Be aware this is a risk, since bad flashes can leave the system unbootable.

But I'll move you to the hardware forum for better advice on this.


----------



## surveyranger (Apr 20, 2005)

where would i go in the computer to find the bios version and other bios info?


----------



## elee (Dec 19, 2004)

Get the computer manufacturer and your computer model number. If it is available, go to the manufacturer site and look for BIOS & Firmware upgrades.

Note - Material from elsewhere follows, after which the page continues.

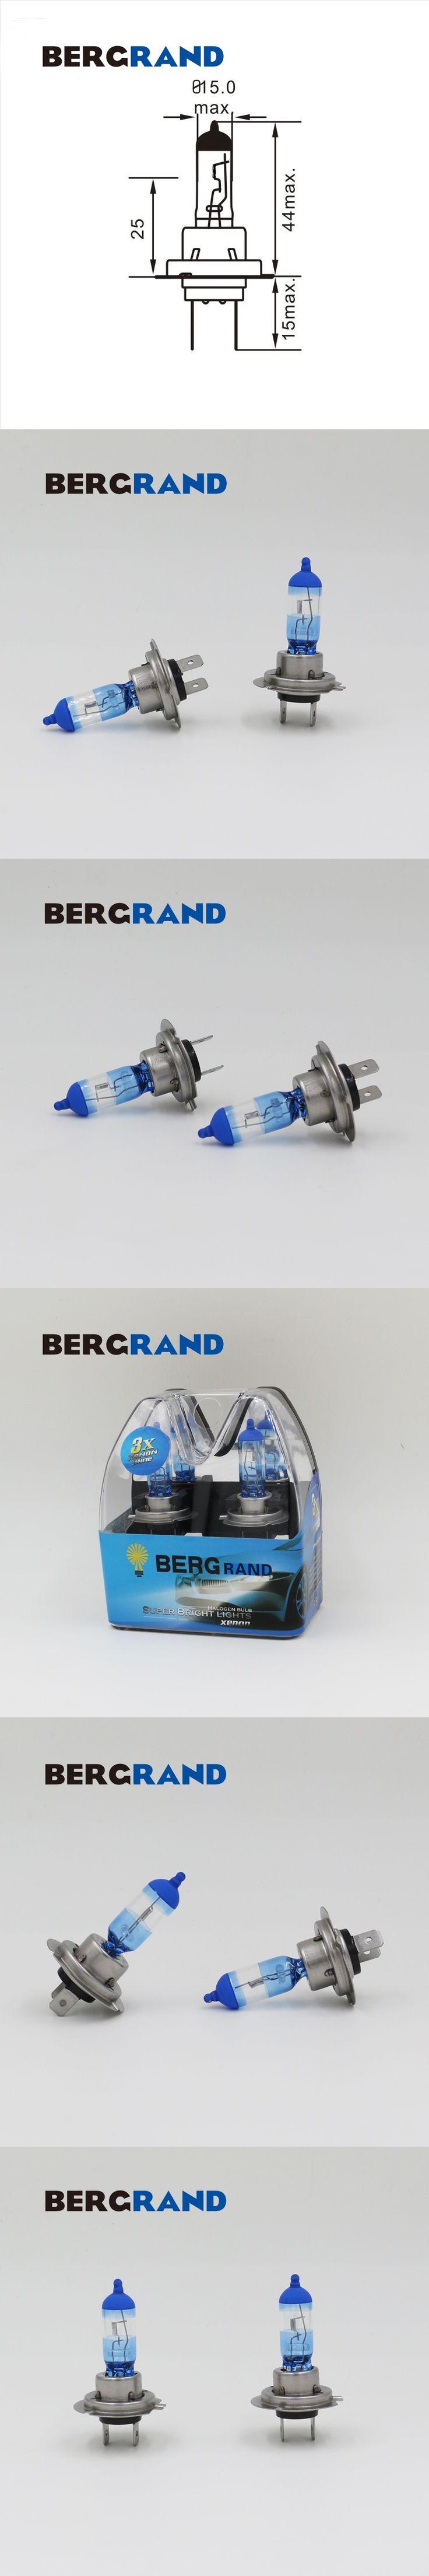 Car Light H7 Headlight Bulb 55W External Lights 55W Xenon Halogen Bulb 4100-4200K Super Vision Ultra Hard Glass Light Source

Before flashing the BIOS do a search on BIOS flash and read the caveats. Backup your current BIOS and only flash if it is absolutely necessary!!


----------



## Rollin' Rog (Dec 9, 2000)

If the computer vendor is unknown or unavailable, try to identify the motherboard vendor and model number if you can, BIOS updates are specifically associated with motherboard versions:

http://www.lavalys.com/products/download.php?pid=1&lang=en&pageid=3

In any case the above program may prove quite useful.


----------



## surveyranger (Apr 20, 2005)

i was able to change the bios language to english in the setup. the trick was to find what key entered the setup. the win98 automatically launched.

thanx for all the help.


----------



## JohnWill (Oct 19, 2002)

I'm impressed, I didn't realize that most BIOS versions included a language option!


----------



## norton850 (Mar 9, 2004)

I happen to have two manuals sitting on my desk. After I saw the response I looked at the BIOS sections. Nothing in the Phoenix BIOS, but sure enough in the AMI right in the Main sections there it is. I guess none of us have ever had a reason to look for that setting.


----------



## JohnWill (Oct 19, 2002)

That's for sure! I'm lucky I can speak one language!


----------



## surveyranger (Apr 20, 2005)

yeah, there were options for english, german, french, and spanish.


----------



## JohnWill (Oct 19, 2002)

I'm impressed.


----------